The session “Clinically Useful Genome Interpretation” will discuss applications, needs, and challenges with an amazing set of speakers lined up:
Nathan Pearson, Ph.D., Senior Director of Scientific Engagement and Public Outreach at NYGC
Beyond uncommon nonsense: Why we should clinically classify genotypes, not variants -150 years after Mendel first probed heritability, we risk forgetting his main finding, in rushing to broaden clinical genomics toward lifelong care for all. Embracing that insight now — as we long have in tracking the chemistry of health — can help gird our health infrastructure for the long haul.

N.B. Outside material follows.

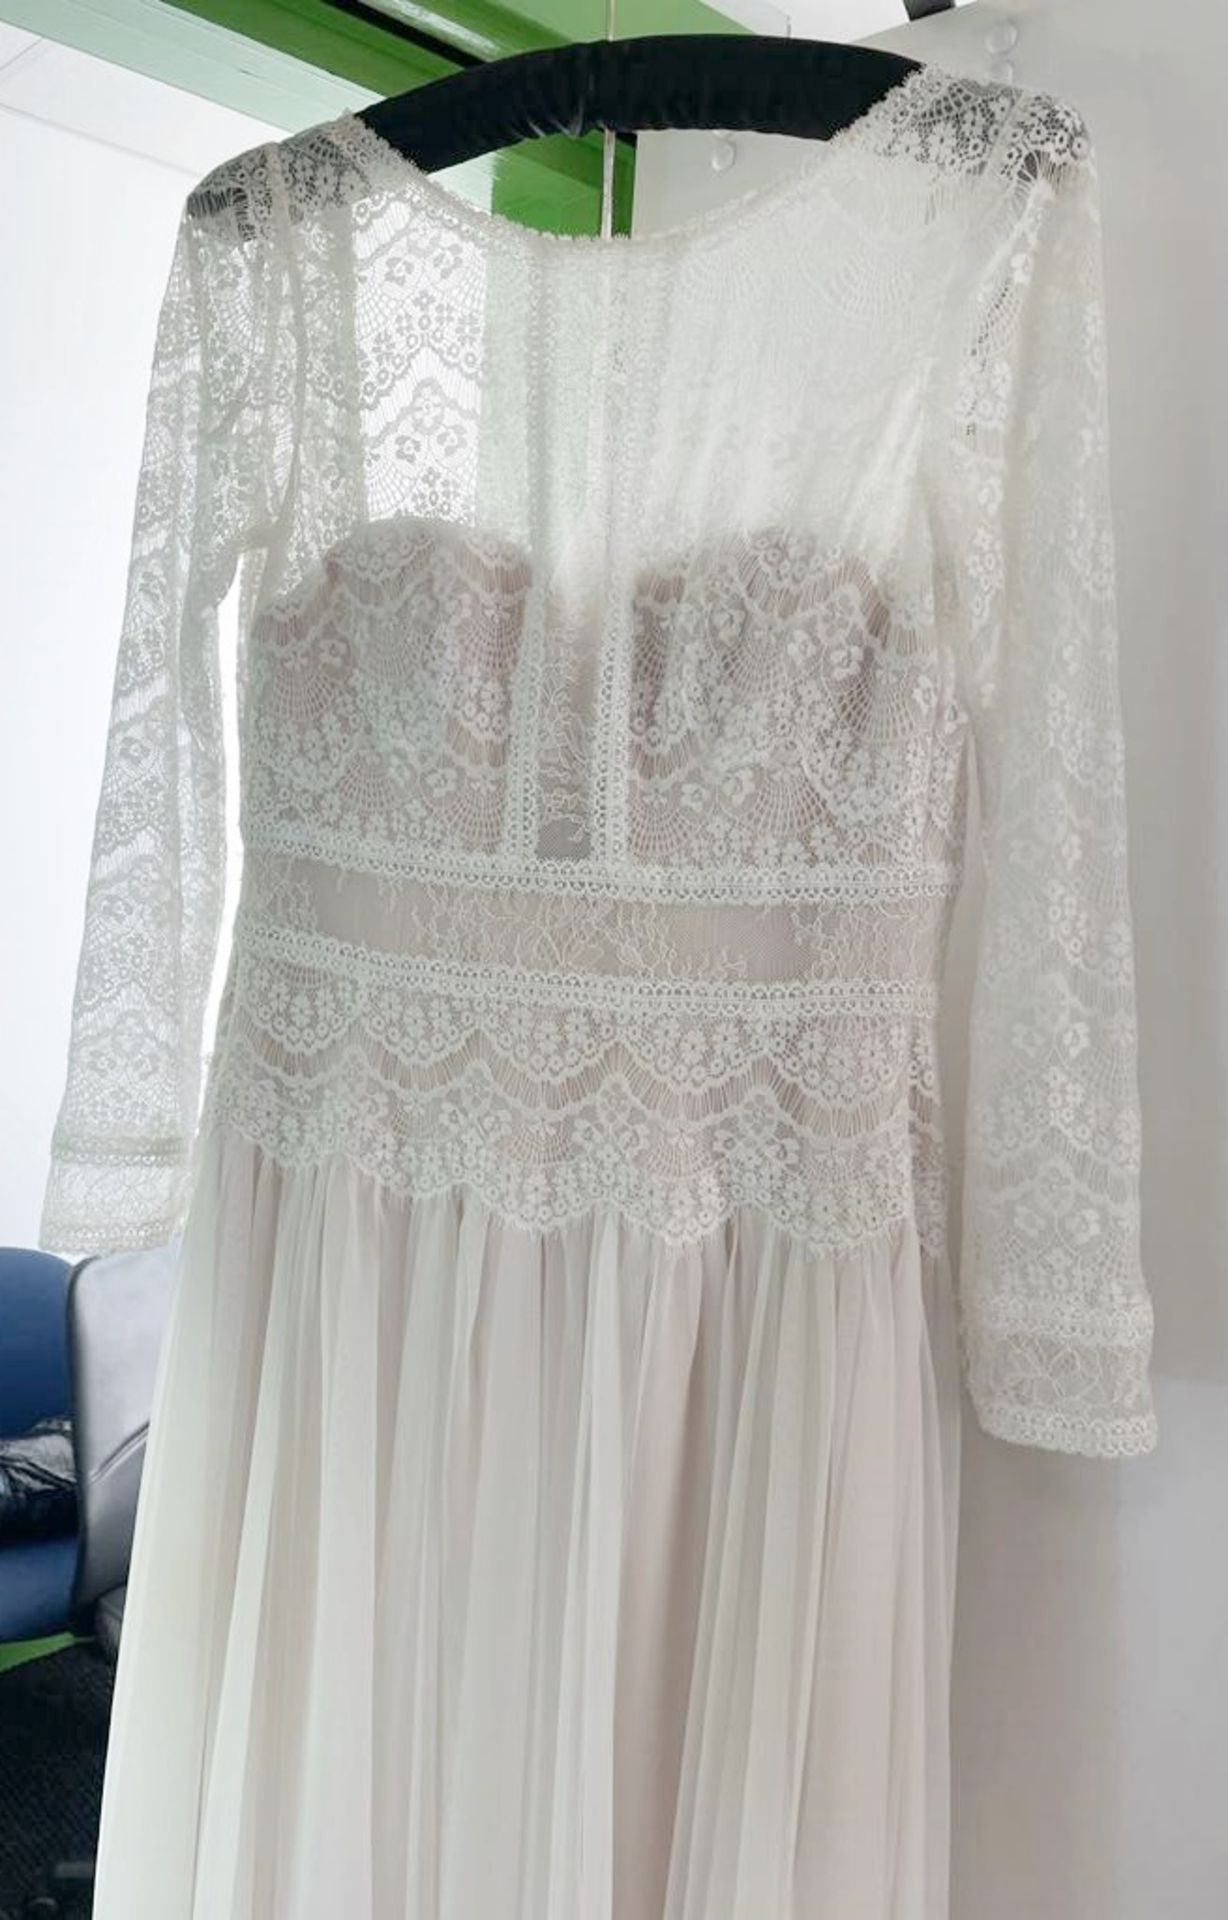 1 x MAGGIE SOTTERO 'Deirdre' Designer Wedding Dress Bridal Gown - Size: UK 10 - Original RRP £15,060 - Image 5 of 11

Edmund Tai, Medical Director of Clinical Genetics at Palo Alto Medical Foundation
“Where rubber meets the road” – Germline testing for hereditary cancer has dramatically affected management of cancer and interventional prevention. The interpretation of the findings will need to be refined. New efforts will need to be made to overcome this bottleneck as clinicians and patients are desperate for improvement in prevention and treatment.